The term “the glass cliff” refers to the precariousness
and risk of failure which women, who take over positions of leadership experience. Contrary to their male counterparts, women are likely to be appointed to positions where they have to deal with difficult situations. This could either be a company or department facing a crisis or the lack of resources and support needed for success. Prof. Michelle Ryan summed up the recent research on this topic. She started with a provocative finding which showed that there is a negative correlation between women in top management and performance of the company. Does that mean the more women on the board of managers the lower the performance of the organization? Prof. Ryan explained this correlation with some of her own research.
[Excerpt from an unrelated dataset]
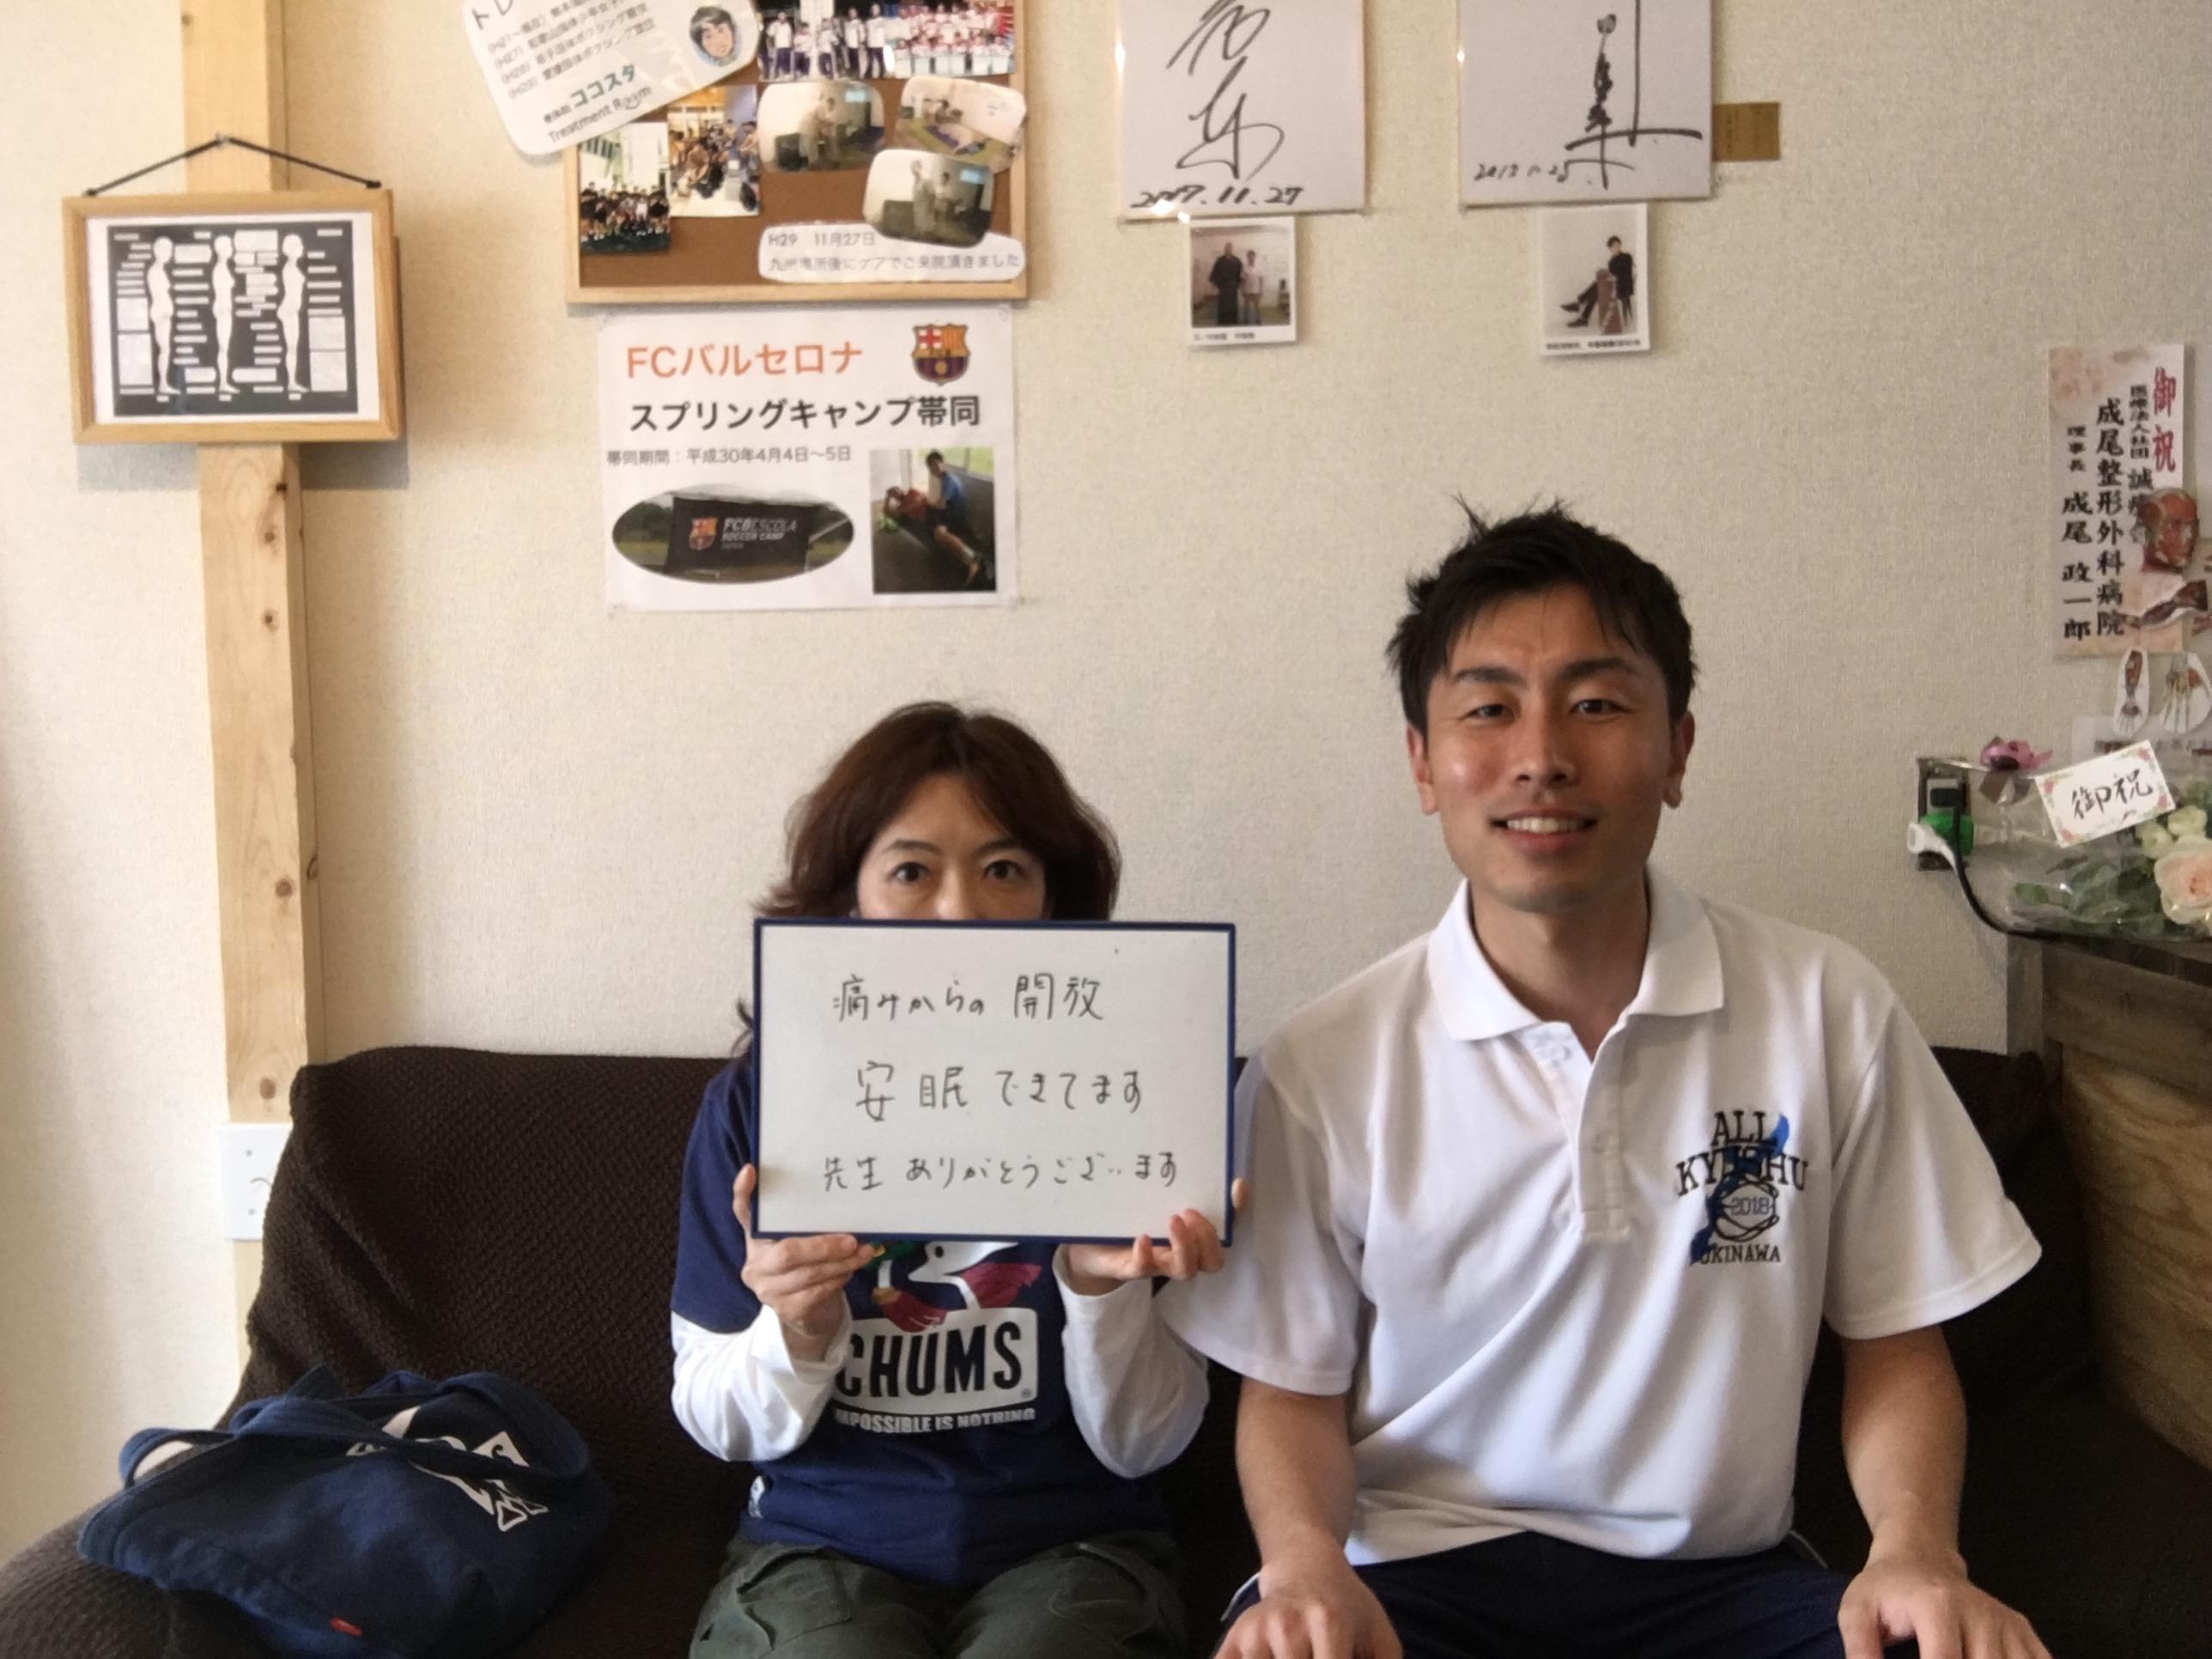 熊本-整体-有名

In her studies she showed that companies often hire women in hard and troubling times, where there is a great chance of failure as a leader. She confirmed this with an experimental study in which participants had to select either a man or a woman with identical CVs for a vacant leading position – in an organization where things are going well and in a company facing a crisis. In the first situation, the participants chose the male candidate, in the second company they went for the female leader. According to Prof. Ryan this is the evidence that “the glass cliff” exists.
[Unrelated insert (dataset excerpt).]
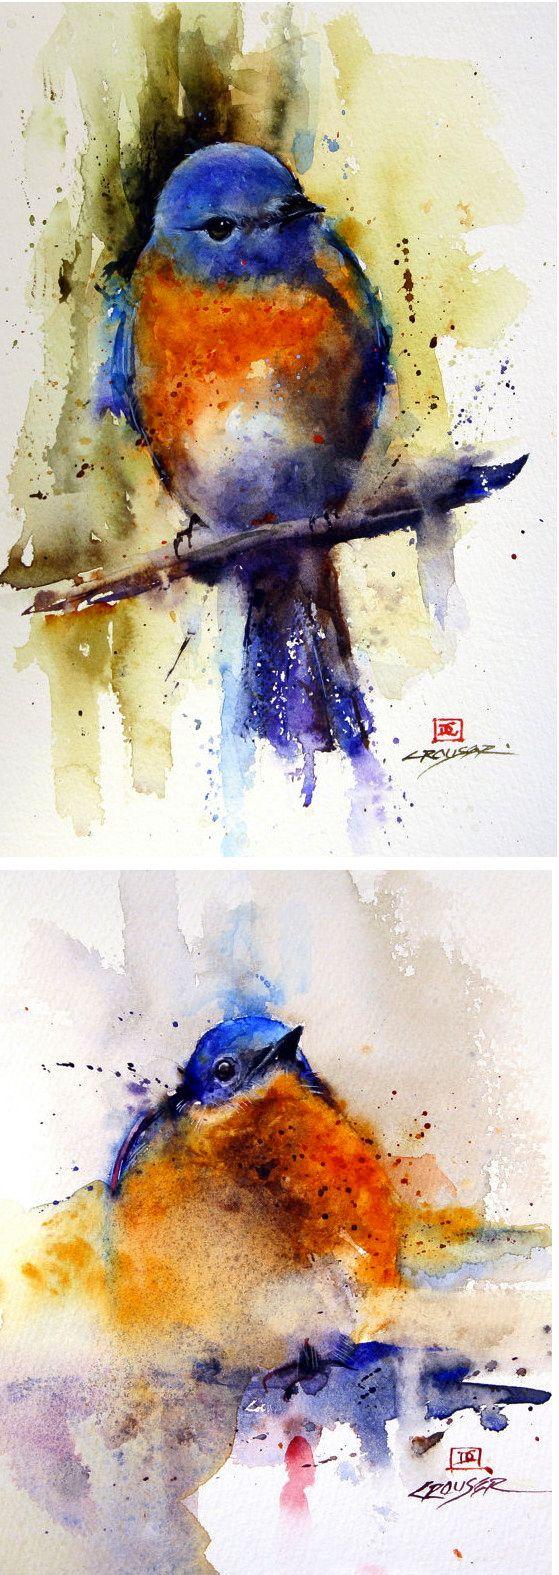 bird art 11

“A woman is like a tea bag - you can't tell how strong she is until you put her in hot water.” With this quotation from Eleanor Roosevelt explained Prof. Michelle Ryan why there is a relationship between the appointments of female leaders and critical situations in the company. In another experiment, Prof. Ryan found out that in successful organizations the desired leadership traits are stereotypical male characteristics – confirming the “think manager, think male!”-prejudice. But in companies having a difficult time, participants opted for the stereotypical female traits when they had to decide what attributes are required from a good manager. This can be summed up by “think crisis, think female”.
As a résumé, Prof. Michelle Ryan emphasized that male and female leaders are facing different leader positions. But which practical implications do these findings have? What can women do? Prof. Ryan stressed that women should not avoid leadership positions. Women, having a position at a “glass cliff”, should make others aware of the quality and challenges of their jobs and claim the time and support needed to master the challenge.